Fabric Network

Fabric isn’t a magic thing. Well, it looks like magic, but it is fundamentally built on existing concepts. As everything else, it is also using science and mathematics. Remember the Dijkstra algorithm? Well, that’s one of the key fundamental items of Fabric Connect. 

Esger W Dijkstra was a pioneering computer scientist from the Netherlands, known for his significant contributions to the field of computer science. He studied theoretical physics at Leiden University but later shifted his focus to computer science. He worked at the mathematical Center in Amsterdam, where he developed many of his early ideas. He held academic positions at several institutions, including the Eindhoven University of Technology and the University of Texas at Austin. 

Dijkstra made numerous contributions to computer science, including work on algorithms, programming languages and software engineering. One of his key contributions is the Dijkstra’s algorithm which also is one of the major fundamentals of Fabric Connect.  

Dijkstra’s algorithm is a graph search algorithm that solves the single-source shortest path problem for a graph with non-negative edge weights. In short, you always find the shortest path from A to B. In a switching network, there are redundant paths and possible loops. It’s necessary to always use the shortest path (cable length, interface speed, loops,…) to have a stable, flexible and fast switching network. As Fabric Connect is completely built on top of this graph algorithm, this results in a fast, stable and redundant switching network without the complexity of configuring STP. 

When you read about Fabric Connect, you will see SPBM and not only SPB. SPBM stands for Shortest Path Bridging / MAC-in-MAC. This means that Fabric Connect uses a combination of Shortest Path Bridging with MAC-in-MAC encapsulation, which means that every packet that enters the Fabric will use the MAC address of the switch where it enters the fabric.

MAC-in-MAC encapsulation is designed to address the scalability issues of traditional Ethernet networks by encapsulating customer MAC addresses with provider MAC addresses. This helps in reducing the size of the forwarding tables in the provider network and isolates customer traffic.

Besides the scalability benefit, there is also a security benefit of using MAC-in-MAC encapsulation. By encapsulating customer frames within provider frames, MAC-in-MAC effectively isolates customer traffic.
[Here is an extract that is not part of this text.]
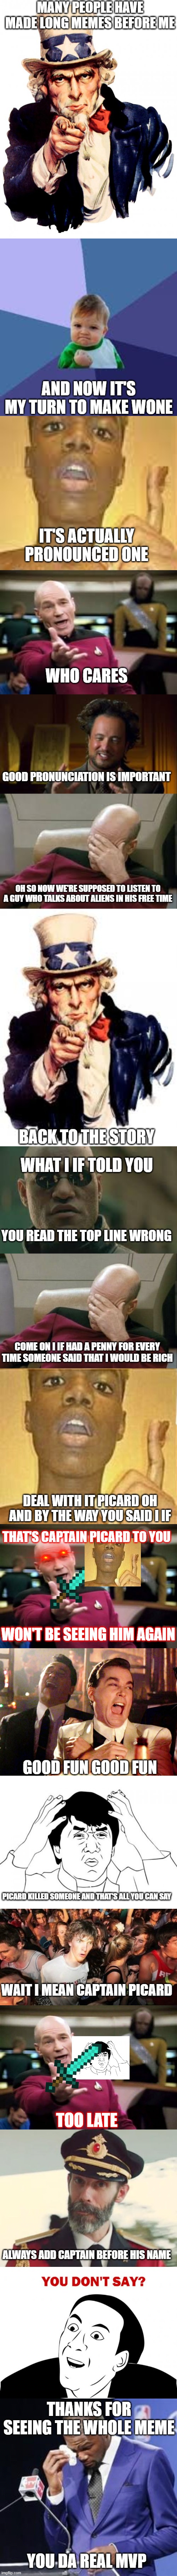 seriously picard wait i mean captain picard oops | MANY PEOPLE HAVE MADE LONG MEMES BEFORE ME; AND NOW IT'S MY TURN TO MAKE WONE; IT'S ACTUALLY PRONOUNCED ONE; WHO CARES; GOOD PRONUNCIATION IS IMPORTANT; OH SO NOW WE'RE SUPPOSED TO LISTEN TO A GUY WHO TALKS ABOUT ALIENS IN HIS FREE TIME; BACK TO THE STORY; WHAT I IF TOLD YOU; YOU READ THE TOP LINE WRONG; COME ON I IF HAD A PENNY FOR EVERY TIME SOMEONE SAID THAT I WOULD BE RICH; DEAL WITH IT PICARD OH AND BY THE WAY YOU SAID I IF; THAT'S CAPTAIN PICARD TO YOU; WON'T BE SEEING HIM AGAIN; GOOD FUN GOOD FUN; PICARD KILLED SOMEONE AND THAT'S ALL YOU CAN SAY; WAIT I MEAN CAPTAIN PICARD; TOO LATE; ALWAYS ADD CAPTAIN BEFORE HIS NAME; THANKS FOR SEEING THE WHOLE MEME; YOU DA REAL MVP | image tagged in memes,uncle sam,sudden clarity clarence,picard wtf,jackie chan wtf,you don't say | made w/ Imgflip meme maker

This means that traffic from different customers is kept separate, reducing the risk of data leakage or unauthorized access between customers.

The encapsulation also hides the customer MAC addresses from the provider network, preventing potential attacks on the provider’s infrastructure that could exploit customer MAC addresses. In the core, you are not able to see any customer MAC addresses when you try to inspect the traffic. This enhances privacy and makes it more difficult for attackers to gather information about the customer network.

When talking about Fabric Connect, we always talk about two types of switches. We have the BCB switches (Backbone Core Bridge) and BEB switches (Backbone Edge Bridge).

• The BCB is only concerned with routing. It’s job (along with the other BCB’s in the fabric) is to make sure that all the traffic between the services is routed in the most efficient way possible (by using SBPM)
• Fabric Connect uses the IS-IS routing protocol to communicate with each other in order to determine the best route for data through the network
• This is not only automatically done, it’s also self-healing. If a BCB runs into issues, the other BCBs will simply route around it to keep the network running.

Let’s take a look at the following figure

• Each BCB is told about the links it has directly to other BCBs. These links are called “Network to Network Interfaces” or NNIs
• It is important to note that each BCB is only configured with the NNIs directly attached. This prevents the configuration complexity growing every time a new BCB is added
• Each additional BCB only affects the configuration of its direct peers. The new BCB will “learn” about all the other core switches through IS-IS
• With every additional BCB and every additional NNI, the Fabric Connect network grows and more importantly becomes more resilient
• While Fabric networks can support the same topologies as the traditional networking, the topology becomes generally less much of an issue anyway
• When service traffic is presented to the core network, Fabric Connect automatically calculates the most efficient path through the network (by using SPBM). You can add additional paths or remove paths (deliberately or due to failure) and the core network will automatically work its way around it.

Like in every switching network, there’s more than the core. Actually the switches where end-devices are connecting on, are the edge switches or access switches. Within the Fabric Connect network, we are talking about BEBs or Backbone Edge Bridges.